“The ambiguity of your recent statements about the virus’ origins raises questions regarding your assertion from a year ago when you confidently stated that the virus could not have been manipulated and that it occurred naturally,” Johnson wrote, referring to the alternate theory that the virus had leaked from a lab in Wuhan, China.
Recently, Fauci said he’s no longer certain that the CCP virus developed naturally, and called for an open investigation into the origins of the virus.
“Certainly, the people who investigated it say it likely was the emergence from an animal reservoir that then infected individuals, but it could have been something else, and we need to find that out. That’s the reason why I said I’m perfectly in favor of any investigation that looks into the origin of the virus,” Fauci added.
Johnson wrote that he finds Fauci’s initial high level of confidence in rejecting a potential laboratory origin “perplexing, given that public reports highlighted safety concerns at the Wuhan Institute of Virology (WIV),” the lab at the heart of the virus origin controversy.
In April, the Washington Post reported on two 2018 State Department cables where U.S. diplomats expressed concerns about the safety of the Wuhan laboratory, Johnson noted, adding that it remains unclear whether Fauci knew about the safety concerns at the WIV when he made his May 2020 statement on the virus’ origins.
Johnson asked Fauci to explain what evidence he relied on in asserting in May 2020 that the virus likely emerged naturally rather than from a lab. He also called on Fauci to explain what evidence led him to his “lowering your confidence” in the natural origin theory and what information and data he relied on in concluding that the virus’s origins should be thoroughly investigated.
The Epoch Times reached out to NIAID with a request for comment on Johnson’s letter, but did not receive a reply by publication time.
He insisted that the NIH didn’t fund so-called gain-of-function research, which he defined as “taking a virus that could infect humans and making it either more transmissible and/or pathogenic to humans,” at the Wuhan lab, claiming that the purpose of the $600,000 grant “was to study the animal-human interface, to do surveillance, and to determine if these bat viruses were even capable of transmitting infection to humans.”
Fauci was further pressed about the matter during a Senate hearing on May 26, with Sen. John Kennedy (R-La.) questioning Fauci’s faith in the Wuhan lab’s scientists, whom Fauci called “very respectable” just one day prior.
“How do you know they didn’t lie to you and use the money for gain-of-function research anyway?” Kennedy asked Fauci.
Fauci acknowledged he couldn’t be certain that the money wasn’t used against its intended purpose.
Following Fauci’s remarks, Rep. Warren Davidson (R-Ohio) called for his removal.

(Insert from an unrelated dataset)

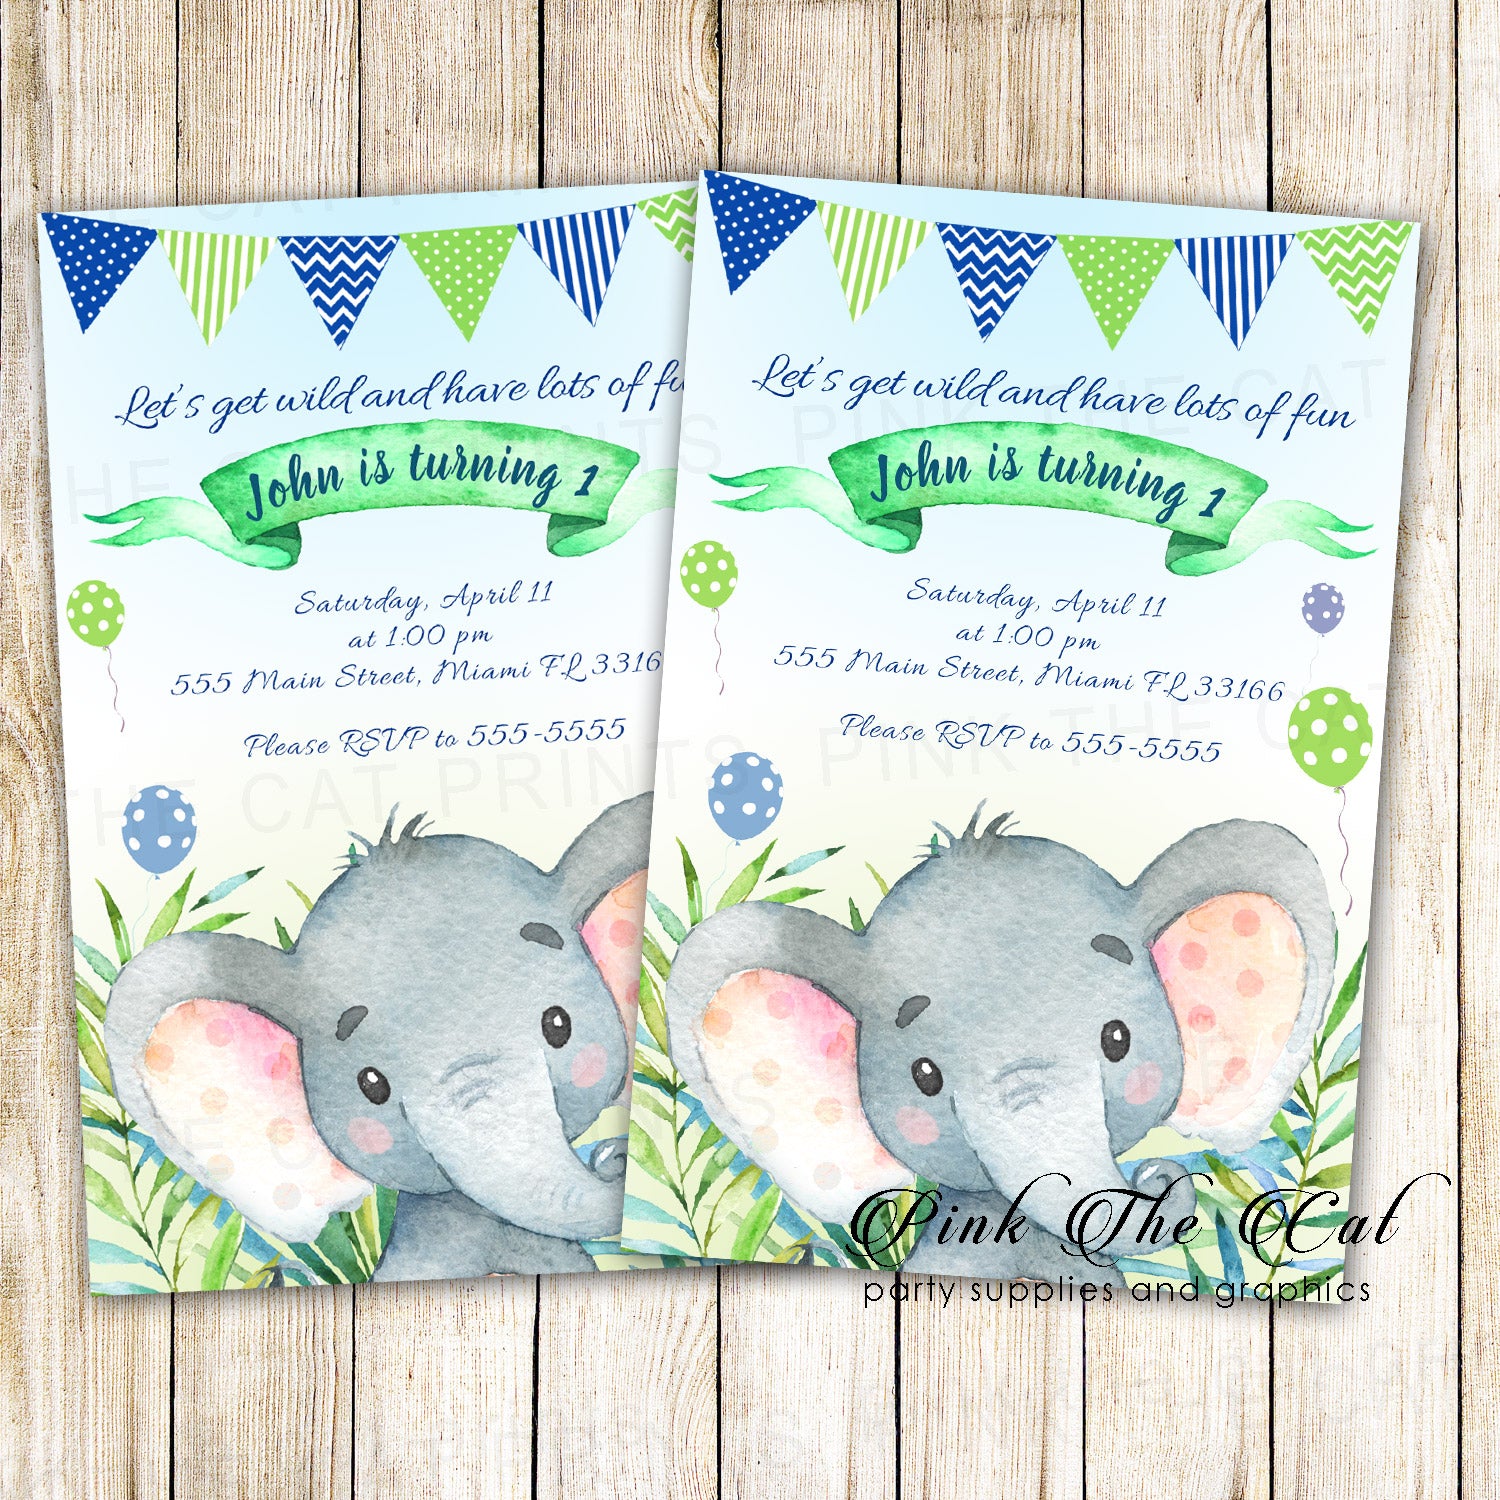 Elephant invitations watercolor painted boy birthday party printable

In an appearance on “Fox and Friends” on May 27, Davidson accused Fauci of providing “cover for China” amid Beijing’s resistance to a transparent probe into the origins of the outbreak.
The Wuhan facility, home of China’s first P4 lab—a class of laboratory with the highest level of biosecurity where research on the world’s most dangerous diseases are conducted—has been in the spotlight amid concerns that the CCP virus may have originated there, rather than by making a natural jump from bats to humans.
The CCP has denied any link between the virus’s origin and the Wuhan lab and has pushed a “natural zoonotic” hypothesis—that the virus was transmitted to humans from an animal host. However, Beijing has so far failed to identify the original animal species that allegedly passed the virus on to humans.
“As far as WHO is concerned, all hypotheses remain on the table ... We have not yet found the source of the virus,” Ghebreyesus said.
President Joe Biden announced on May 26 that he has ordered a closer intelligence review of what he characterized as two equally plausible scenarios of the origins of the CCP virus—one natural, the other a lab leak.